Merkinė Manor Estate or Respublic of Paulava
In 1767, the priest Povilas Ksaveras Bžostovskis, who had studiet in colleges of Warsaw and Rome, brought the estate of the Merkinė Minor and named it after himself: Paulava. The Merkinė estate was comprised of approx. 3.040 hectares (~ 7.512 acres).
In 1769, Brzostowski founded a micro respublic of Paulava, the statutes of which were approved by the Four – Year Seimas (The Great Sejm (a legislative gathering), also known as the Four – Year Sejm, was a Sejm of the Polish – Lithuanian Commonwealth that was held in Warsaw between 1788 and 1792) in 1791. The Respublic of Paulava home to some 800 people, had its own flag, coat of arms, a military (militia) and potentially minted its own coins.

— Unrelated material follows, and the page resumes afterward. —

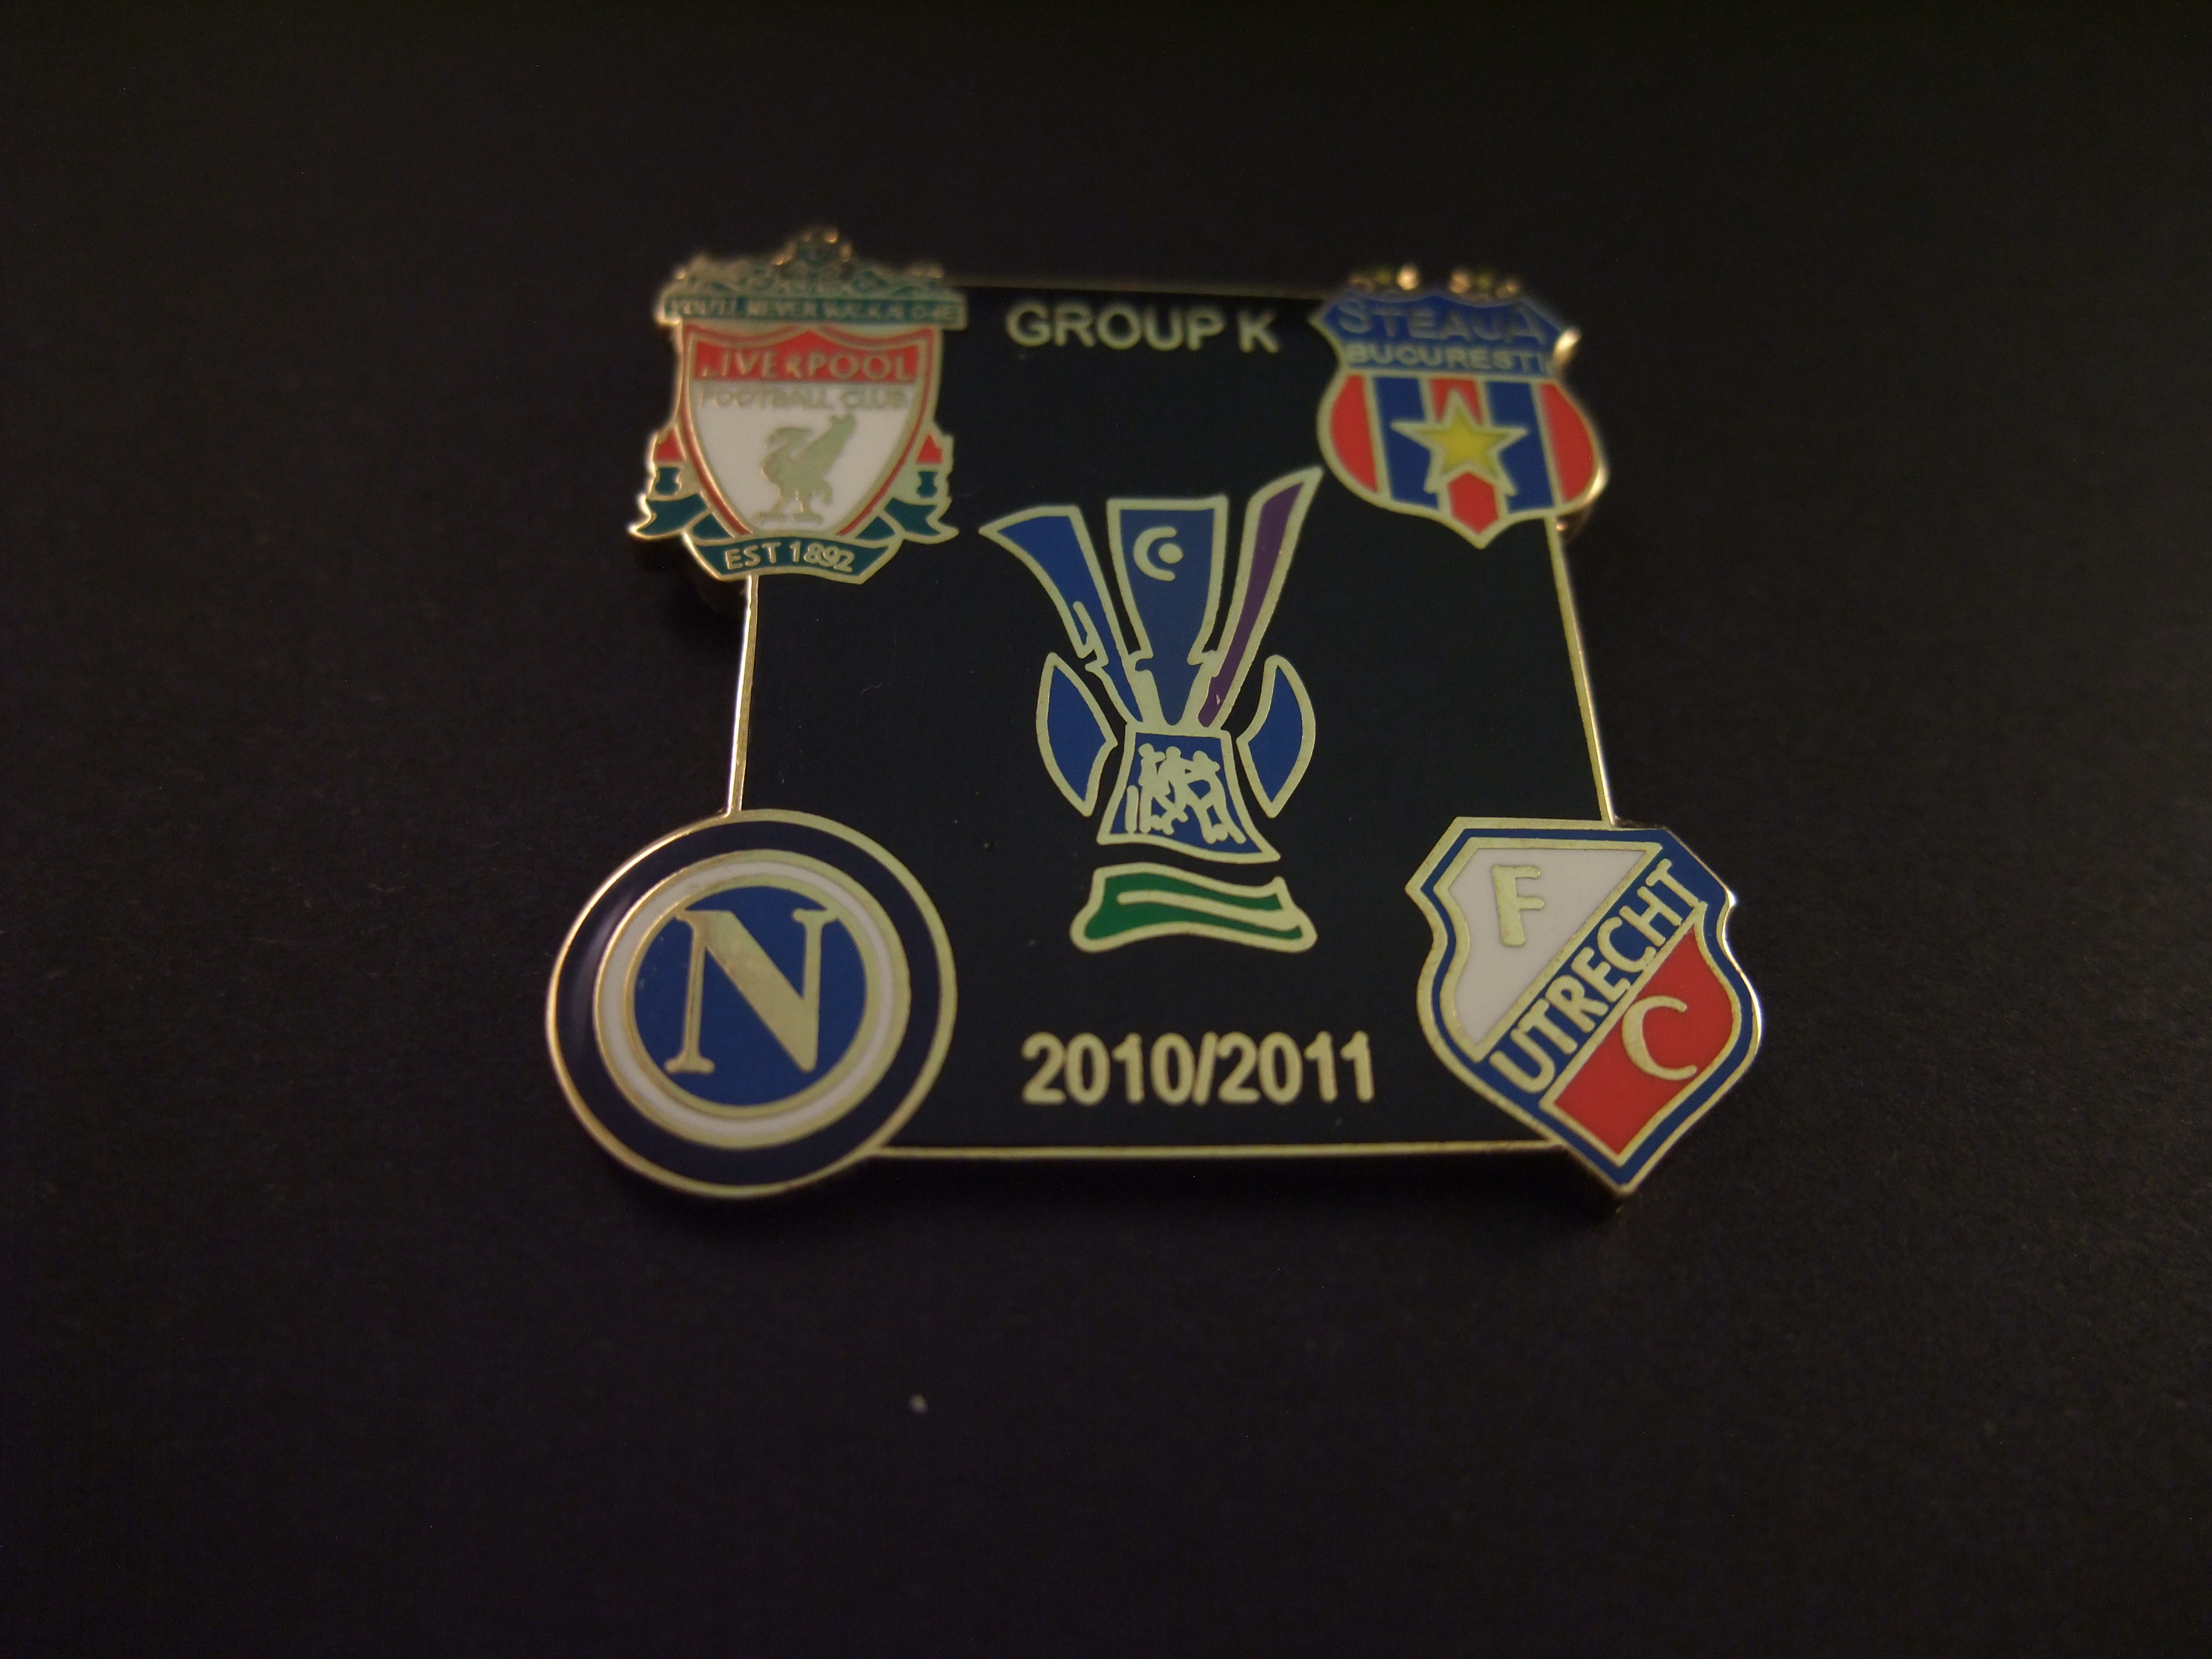 Europa League seizoen 2010-2011 Group K met Fc Utrecht , Liverpool, Steaua Boekarest,en Napoli zwart
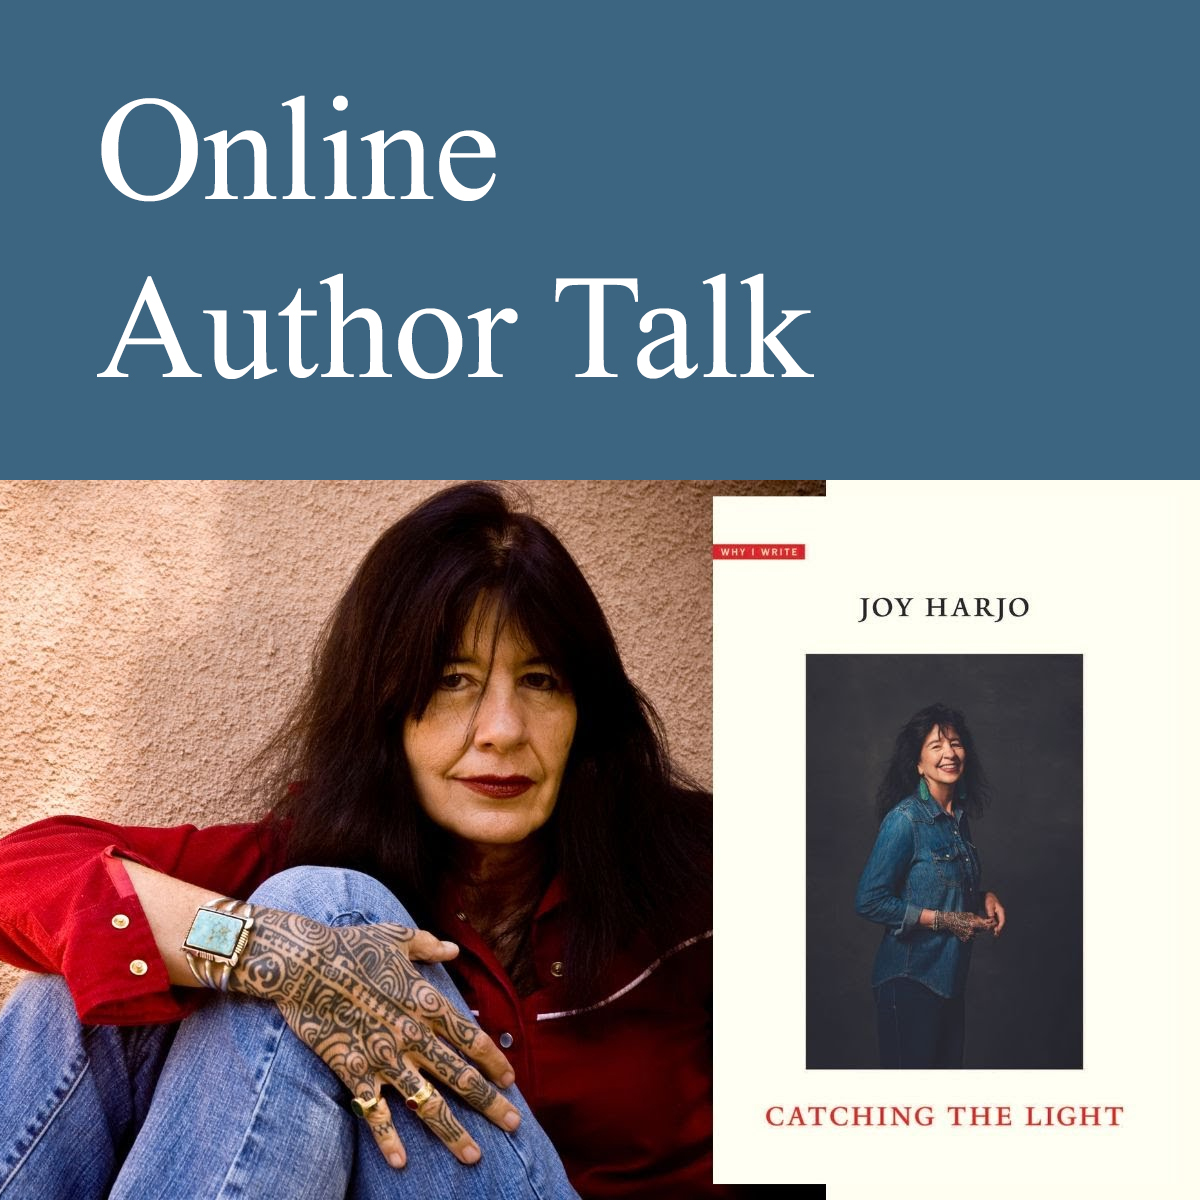 Online Author Talk: Joy Harjo

The owner of the estate, who became the president of the respublic, abolished serfdom and replased the corvee (bondage) with Činčas (a land rent), promoted trade, developed various crafts, agriculture, and invested in the education of peasants in the domain of farming.
In 1794, during the Kosciuszko Uprising, the citizens of the Respublic of Paulava defended their state, but the republic nevertheless collapsed. In its 25-year history, the economics and the quality of life of the peasants of the manor had considerably improved.
It is thought that the surviving buildings were built in the 19th century, under the rule of the Kobylinski family, who were the owners of the Merkinė estate at the time. During the Second World War and following the burning of the roof, the manor house entered into a period of decay.
In the Soviet period, the estate housed a collective farm; a regional road the rampart of which crossed the estate grounds was built, which, in turn, distorted the visual structure of the manor house and separated the remaining neogothic gate columns from a small chapel with a sculpture of Crist carrying the cross.